It's therefore my opinion that Headsweats should make a larger version of the shorty because "one size fits all" almost never does.


----------



## Migen21 (Oct 28, 2014)

Headsweats has something called the 'Classic' that is similar in that it covers the top of your head, but no elastic. It has ties in the back. I've used them with great success as well, although the shortly fits me perfectly, and I like it better without the knot in the back.

From the sounds of things, it will be perfect for you.

Our Products - Menu - Cycling Styles - Classic - Headsweats

They are a little cheaper on Amazon, especially if you don't mind the colorful ones 

https://www.amazon.com/s/ref=nb_sb_noss_2?url=search-alias=aps&field-keywords=headsweats+classic

Edit: Also, I've noticed there are two different weights of the Shorty. I have one that is dark gray, and has a black paisly print on it. It's decidedly heavier fabric, and thicker sweatband material, and it fits me too tight. The lighter weight ones fit me perfectly.

Also, I'm a little surprised they work so well indoors for you. Where they really shine is outdoors when there is airflow moving over the top of them to pull the sweat off the back.


----------



## Migen21 (Oct 28, 2014)

I noticed Nashbar has some of the classics discounted...

Headsweats CoolMax Classic Headband - Discontinued Style


----------



## fast ferd (Jan 30, 2009)

Your helmet could be the source of your problem. I wear a large Giro Ionas for my round-shaped 60cm noggin, and it leaves me plenty of adjustment to allow for thick skullcaps. Probably two skullcaps.


----------



## PoorInRichfield (Nov 30, 2013)

Migen21 said:


> Also, I'm a little surprised they work so well indoors for you. Where they really shine is outdoors when there is airflow moving over the top of them to pull the sweat off the back.


Mother Nature seems to be making-up for all the rain we didn't get this summer, so I've ridden indoors a few times the past few weeks (Zwift!) As it turns-out, my Headsweats Shorties work _better_ than my normal headbands for indoor training. On my indoor ride last night, I used one of my old headbands and half way through my ride I was getting sweat in my eyes. That doesn't happen with the Shorties. 

Now that I've stretched the bajeebers out of the Shorties I bought and wear them inside-out, I don't end-up with the sharp dents in my head from the seams.


----------



## PoorInRichfield (Nov 30, 2013)

FYI...

I used the Headsweats Shorties while riding indoors and apparently it's not a good idea.

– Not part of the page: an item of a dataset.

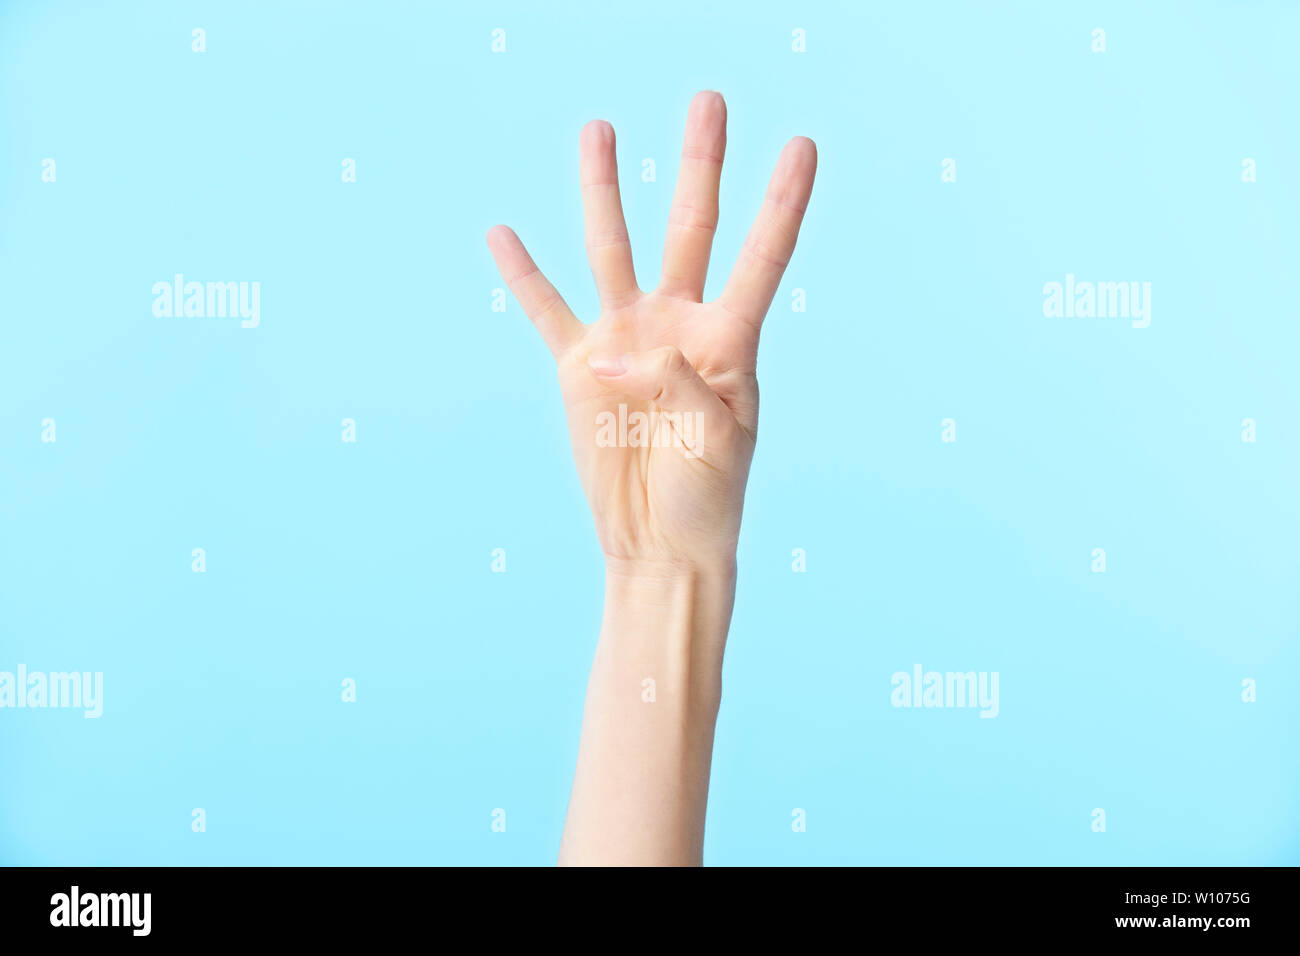 La mano humana mostrando número cuatro, aislado sobre fondo azul. Foto de stock
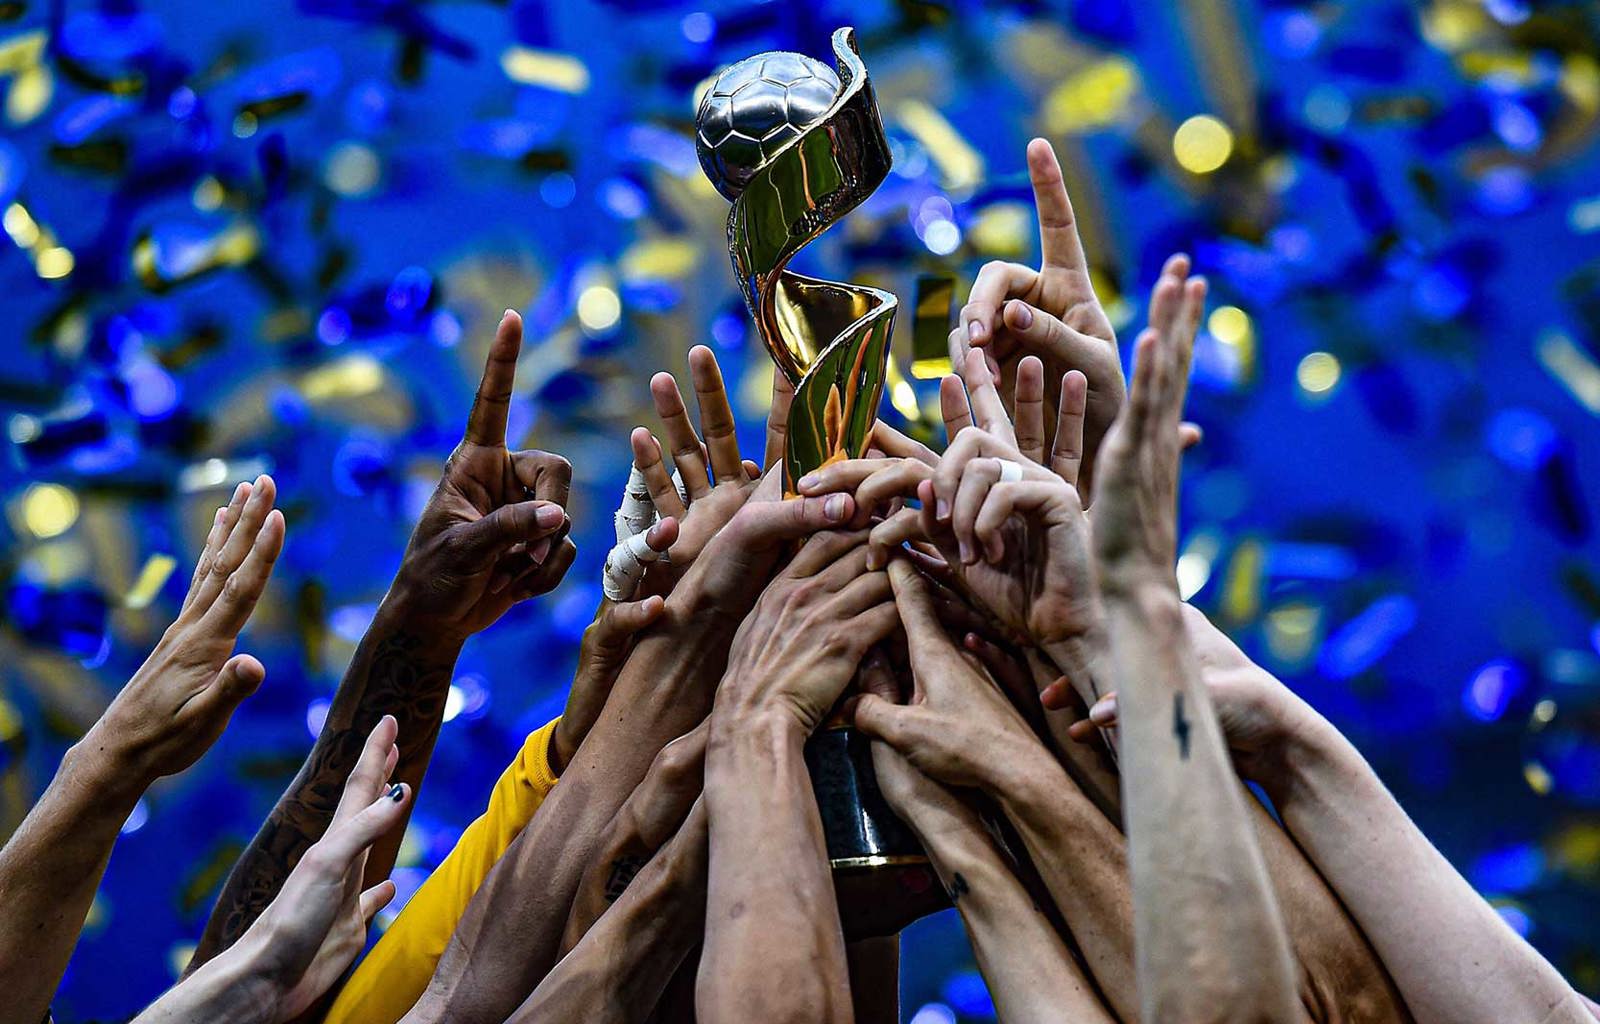 https://fifpro.org/media/oejj3zgl/women-s-world-cup-trophy.jpg?rxy=0.49148372941504642,0.15645425578270816&width=1600&height=1024&rnd=133395017416430000

I was wondering why my faces was "beet red" after my training session, which normally doesn't happen. I think the fact that the Shorty covers my head, keeping heat from escaping, caused my melon to get too hot(?) When I wear normal headbands, I don't seem to get such a read face.


----------



## Migen21 (Oct 28, 2014)

Get a portable AC =)

Sent from my Pixel using Tapatalk


----------



## SNS1938 (Aug 9, 2013)

Old thread, but thought I'd add.

I too was amazed at how hard it was to find good old fashioned sweat bands. I ended up finding white ones at Walmart for a few bucks, and then Fox (the suspension company) had some retro/heritage ones in a 3 pack (one head, two wrist) that were 40% off back around Black Friday. 

They make indoor training so much better.


----------